# The task:
Find the line below with "Course Guide 2016 Theology and Philosophy" and the line with "Oki Pure Cooking Oil 1.8 Litres". Output exactly those lines and everything between them, leaving out the pictures.

# Dataset excerpts:

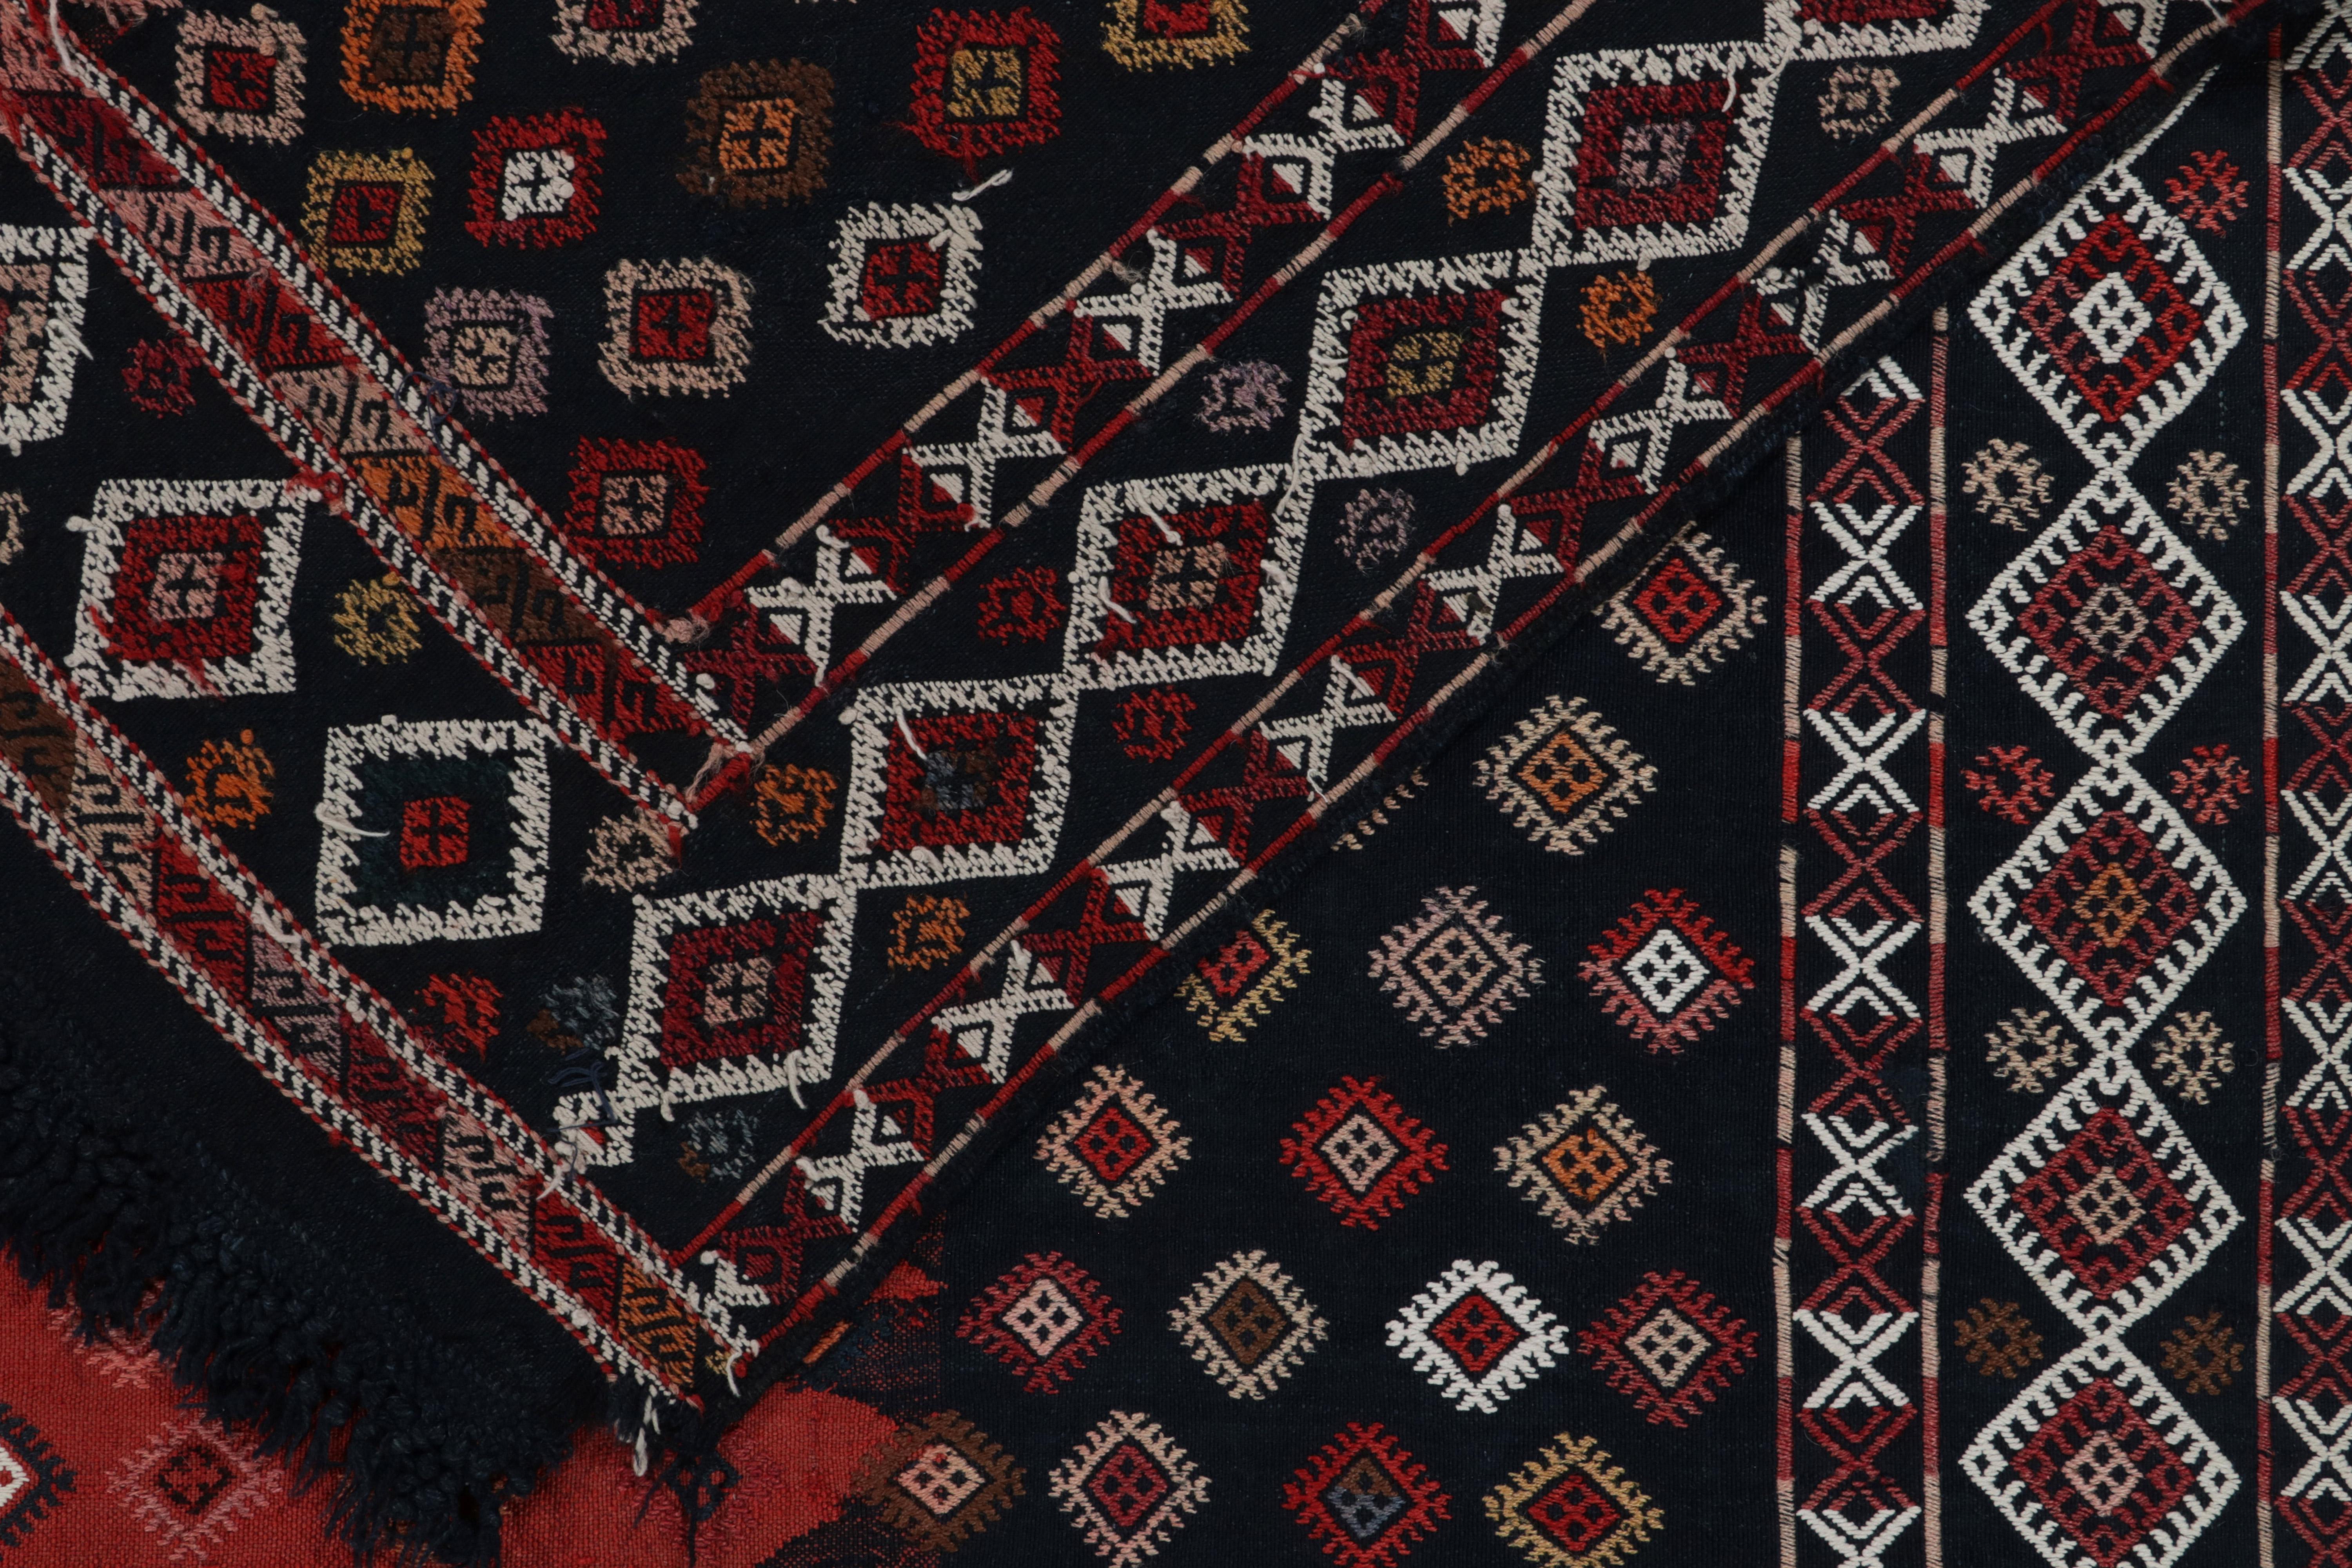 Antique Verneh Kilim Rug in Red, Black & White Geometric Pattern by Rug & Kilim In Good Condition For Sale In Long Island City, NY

* * *

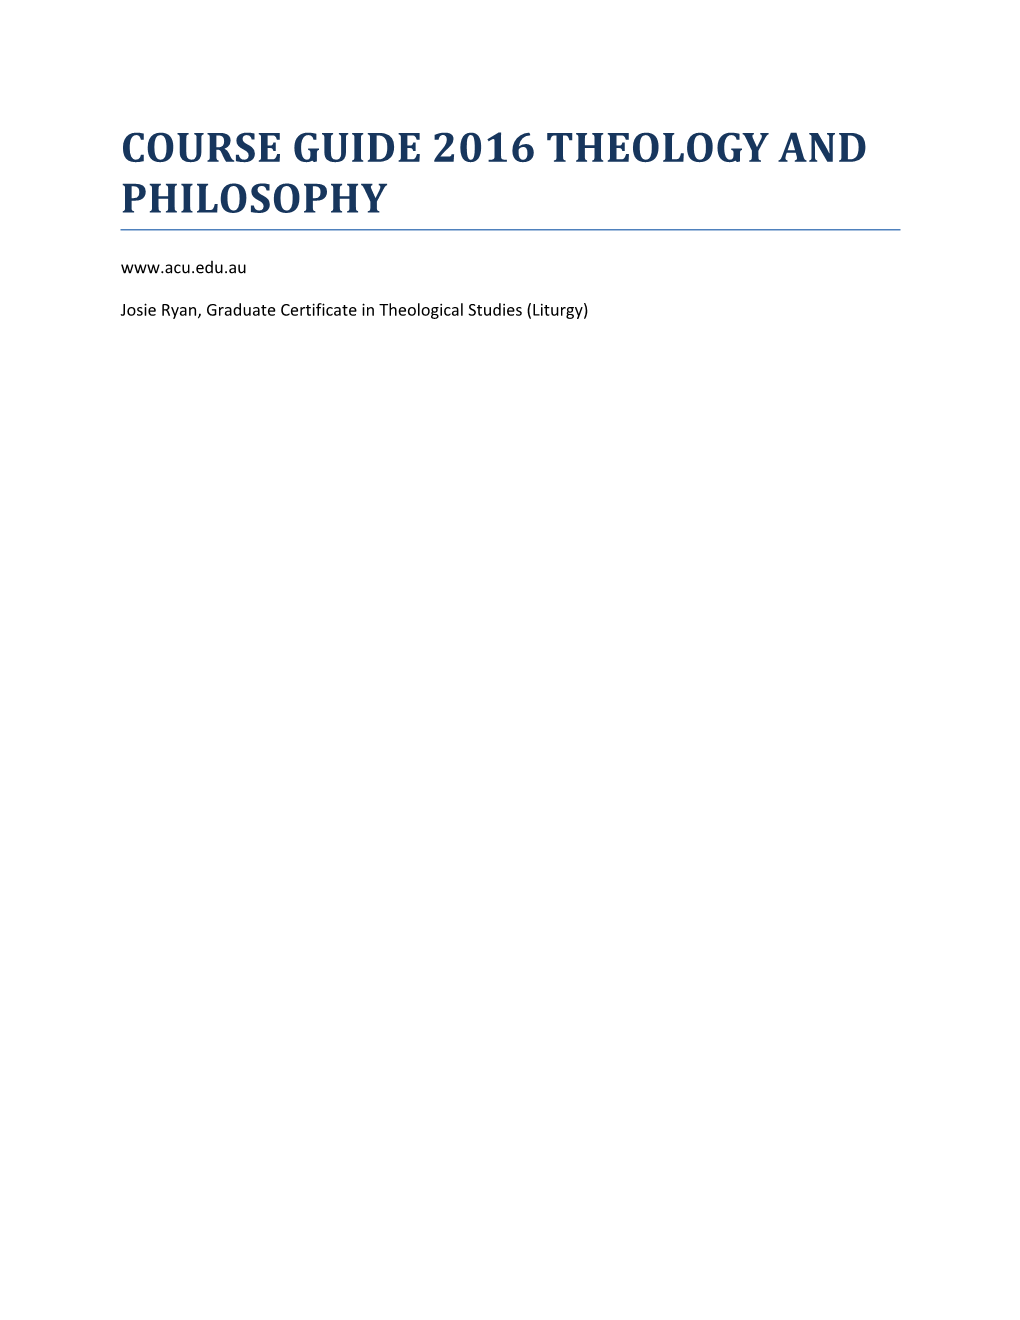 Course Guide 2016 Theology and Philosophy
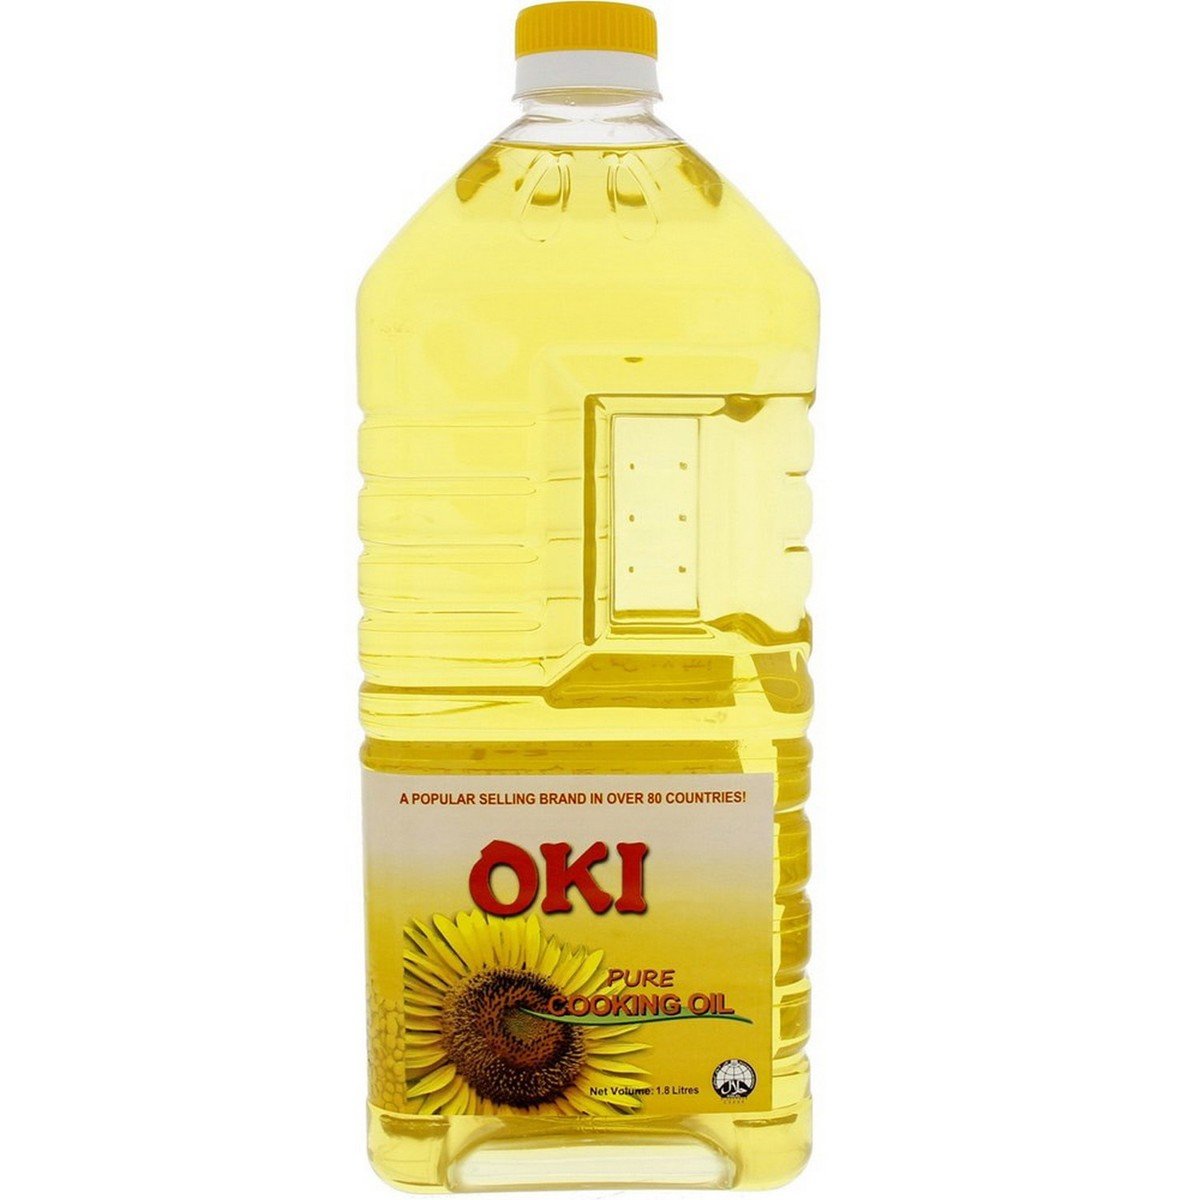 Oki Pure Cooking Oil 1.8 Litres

# Expected answer:
 Course Guide 2016 Theology and Philosophy
 Oki Pure Cooking Oil 1.8 Litres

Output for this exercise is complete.